PROVIDED DATA:

========================

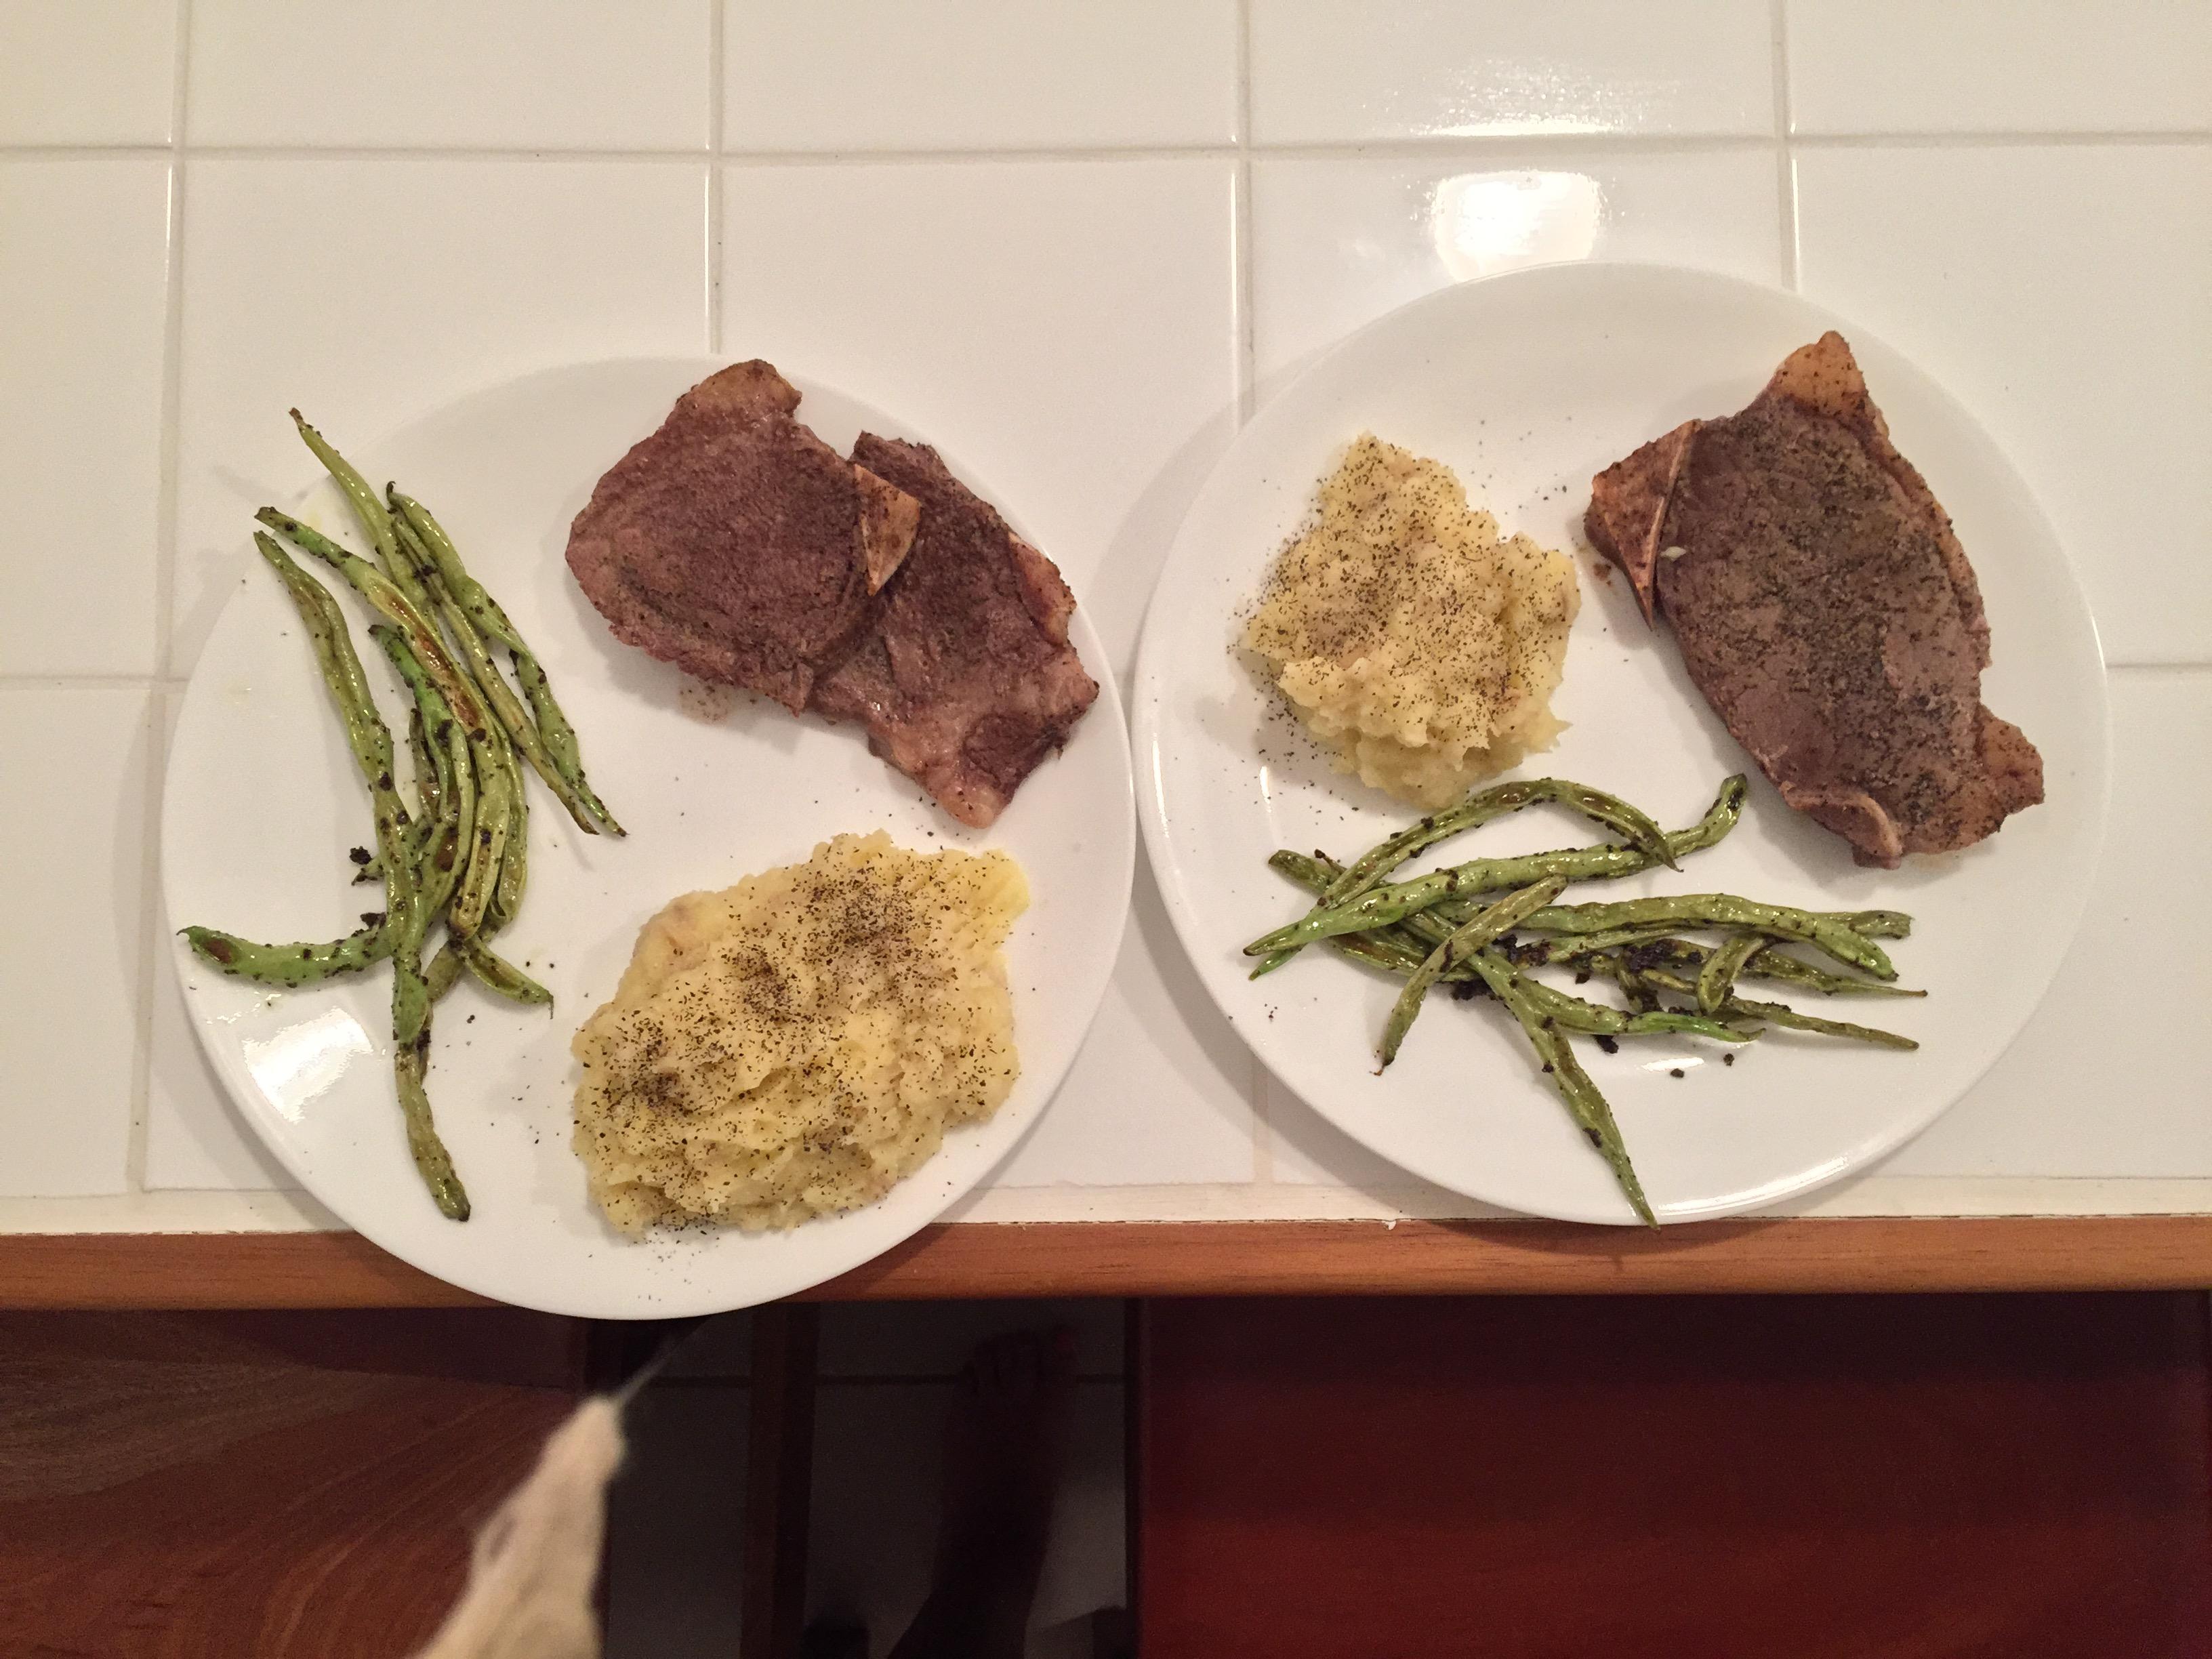 Home made steak and mash potatoes $7
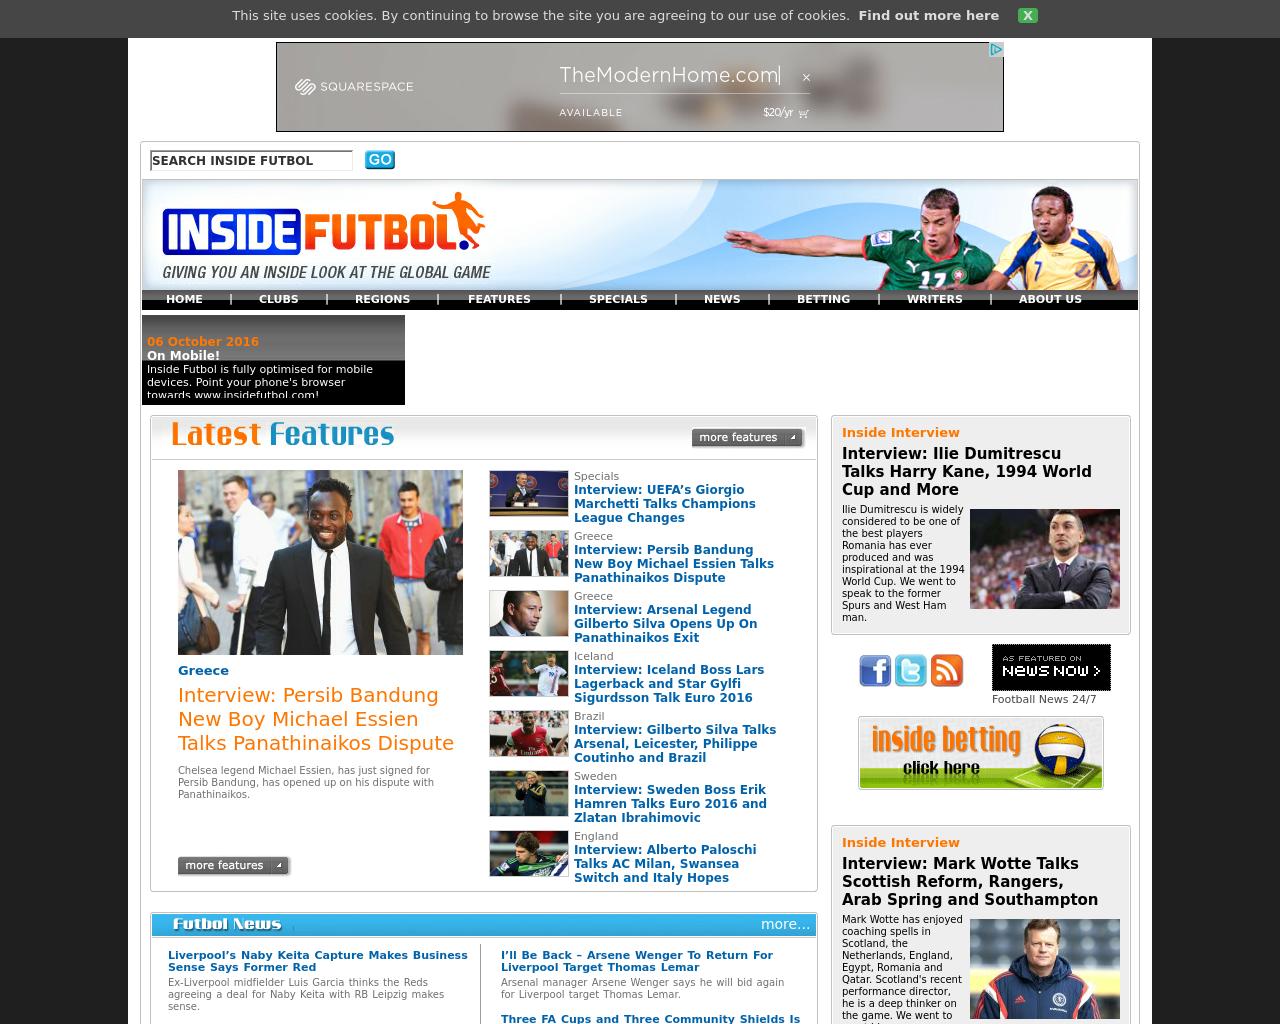 Inside-Futbol-Advertising-Reviews-Pricing
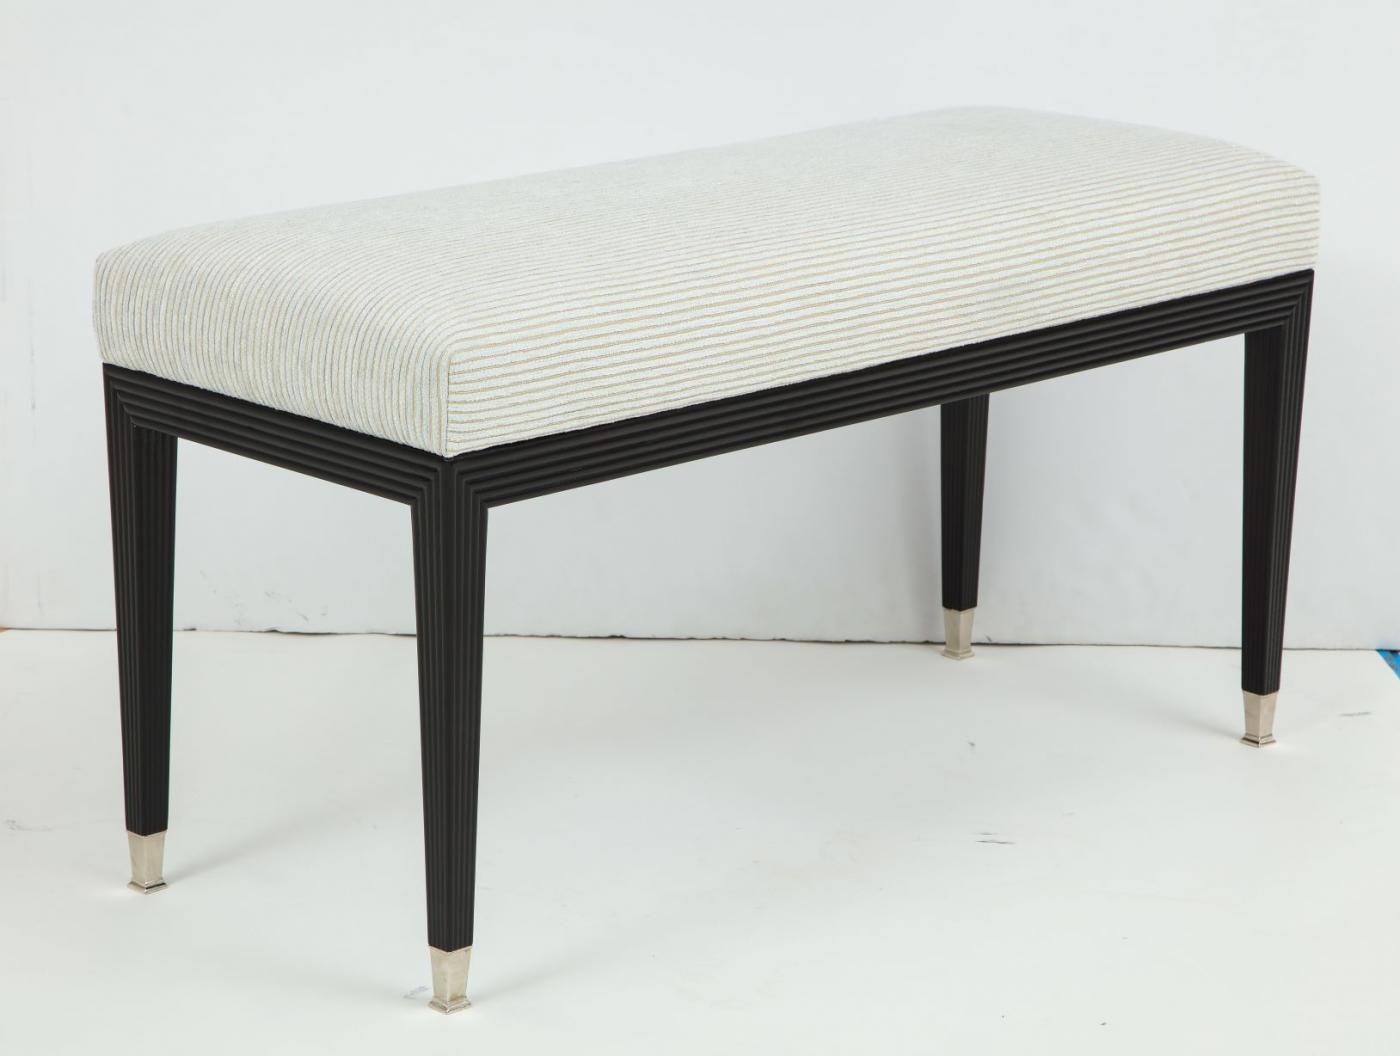 Modernist Bench of Contemporary Design

========================

ACTIVITY: The expected output is the material above, repeated exactly and free of pictures.

ANSWER FOR THIS EXERCISE:
 Home made steak and mash potatoes $7
 Inside-Futbol-Advertising-Reviews-Pricing
 Modernist Bench of Contemporary Design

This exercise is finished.